Of course not. It was a bad 10 minutes of my morning. And then I got over it.

The mess was cleaned, I kissed my children goodbye and told them I loved them and it will be an amusing story to giggle over later on.

The key is to acknowledge, but not dwell.

Name that feeling. Normalize it. Remind yourself, this moment of irritation does not define me as a mother.

I can love my child but still wish I didn’t have to deal with this moment. Am I wishing away my child? Am I wishing they were never born, or that I wasn’t a mother?

HELL NO.

I’m wishing I didn’t have a stream of milk curdling on my linoleum! I’m wishing I wasn’t on my hands and knees trying to tackle my soaking wet dog so I can try and scrub his ears off before it hardens and I’m smelling cheese for the next week.
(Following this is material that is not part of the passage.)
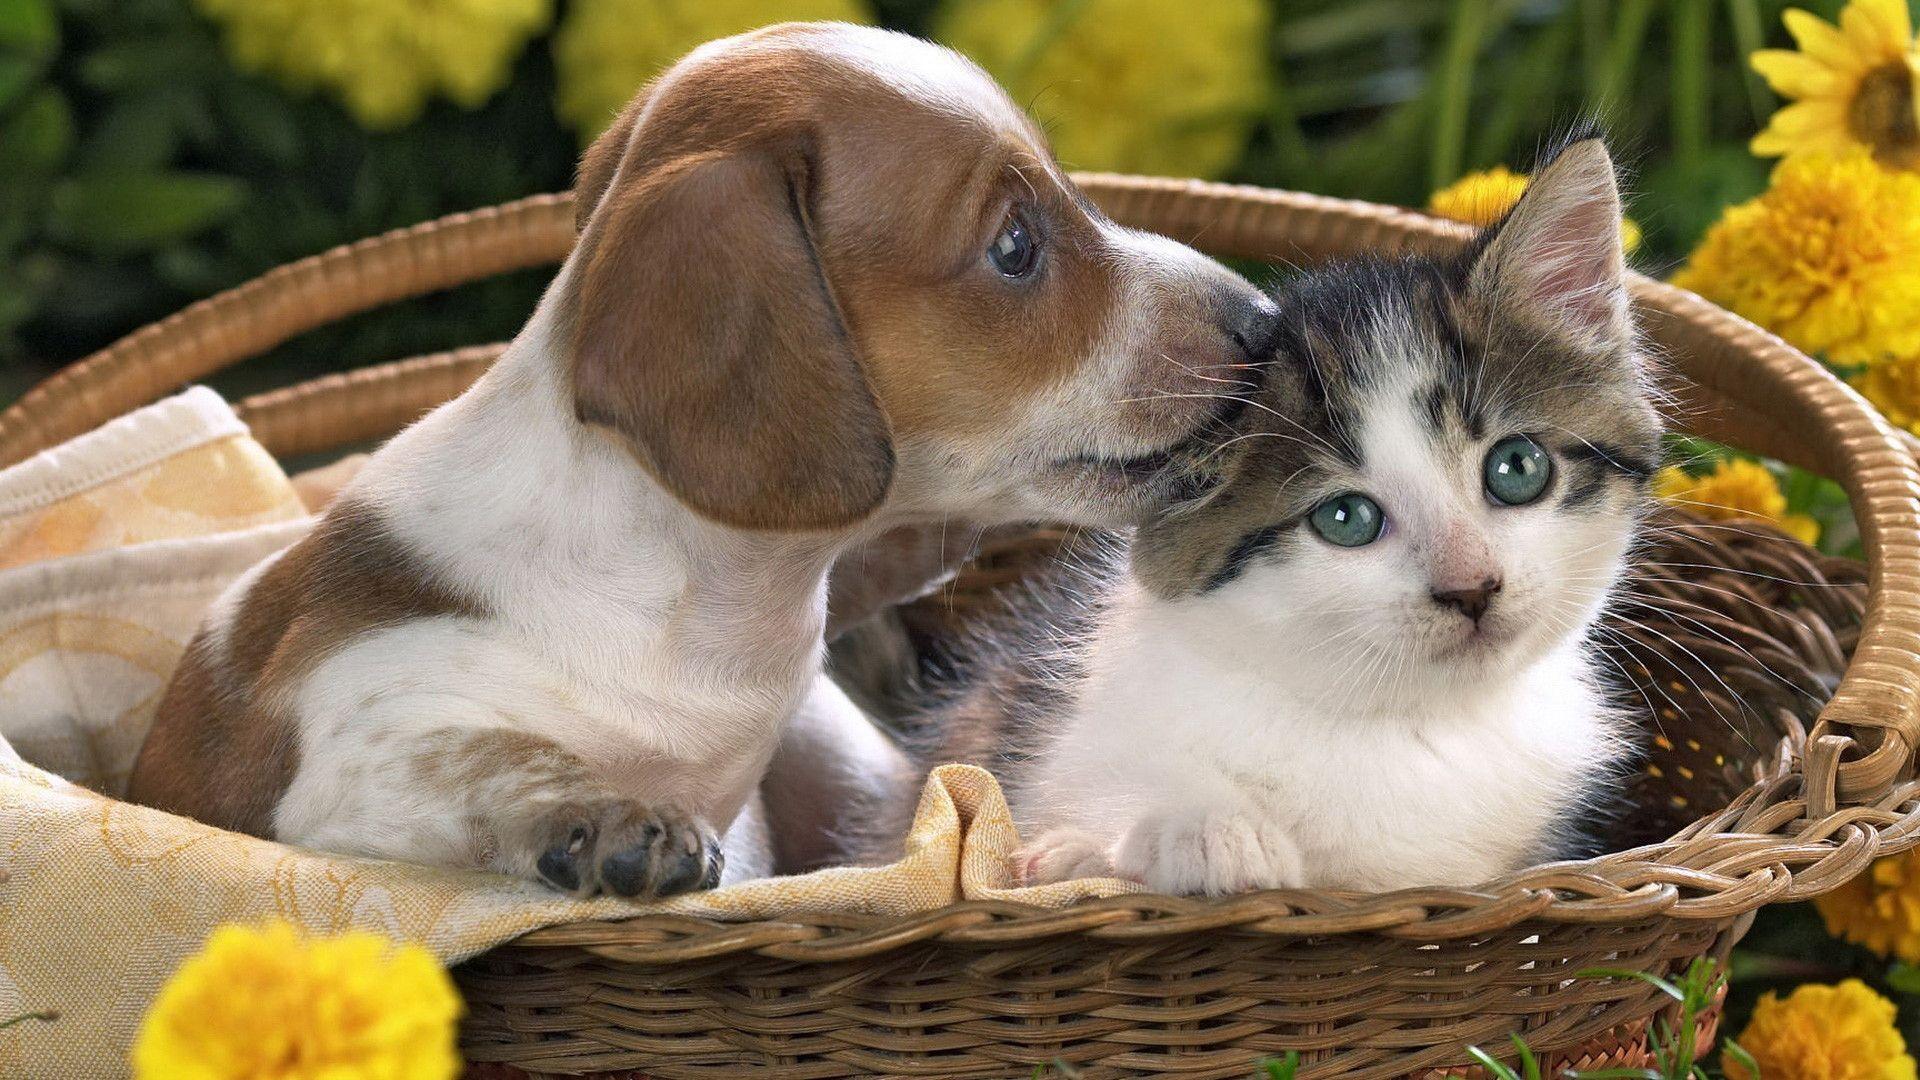 Cute Puppy And Kitten Wallpaper Image & Picture

So I’ll grumble and curse and glare at the mess, maybe raise my voice and sigh gustily with the passive aggressive beleaguered tone handed down from generation to generation of mothers. And then I’ll move on. Because this moment will pass. My irritation will pass. I might not even think about this in a week, a month, definitely not in a year. But for now, I am allowed to feel that anger because it is justified and valid, and I will give myself that right to have a feeling, here, right now, without judgment. Then I will move on.

Embrace the dialectical thinking: that something can be two things at once and both can be true.

You do not have to love every single second of parenting to still love being a Mom. You don’t have to love every action your child does in order to still love them.

But you DO have to be kind to yourself and not judge every emotion and thought you have.

What you feel is real Mamas. And it’s OK. Feel it. Name it. Live it. Don’t judge it. And then let it go when it no longer serves you.

You can cry over spilled milk. Trust me. I’ve been there.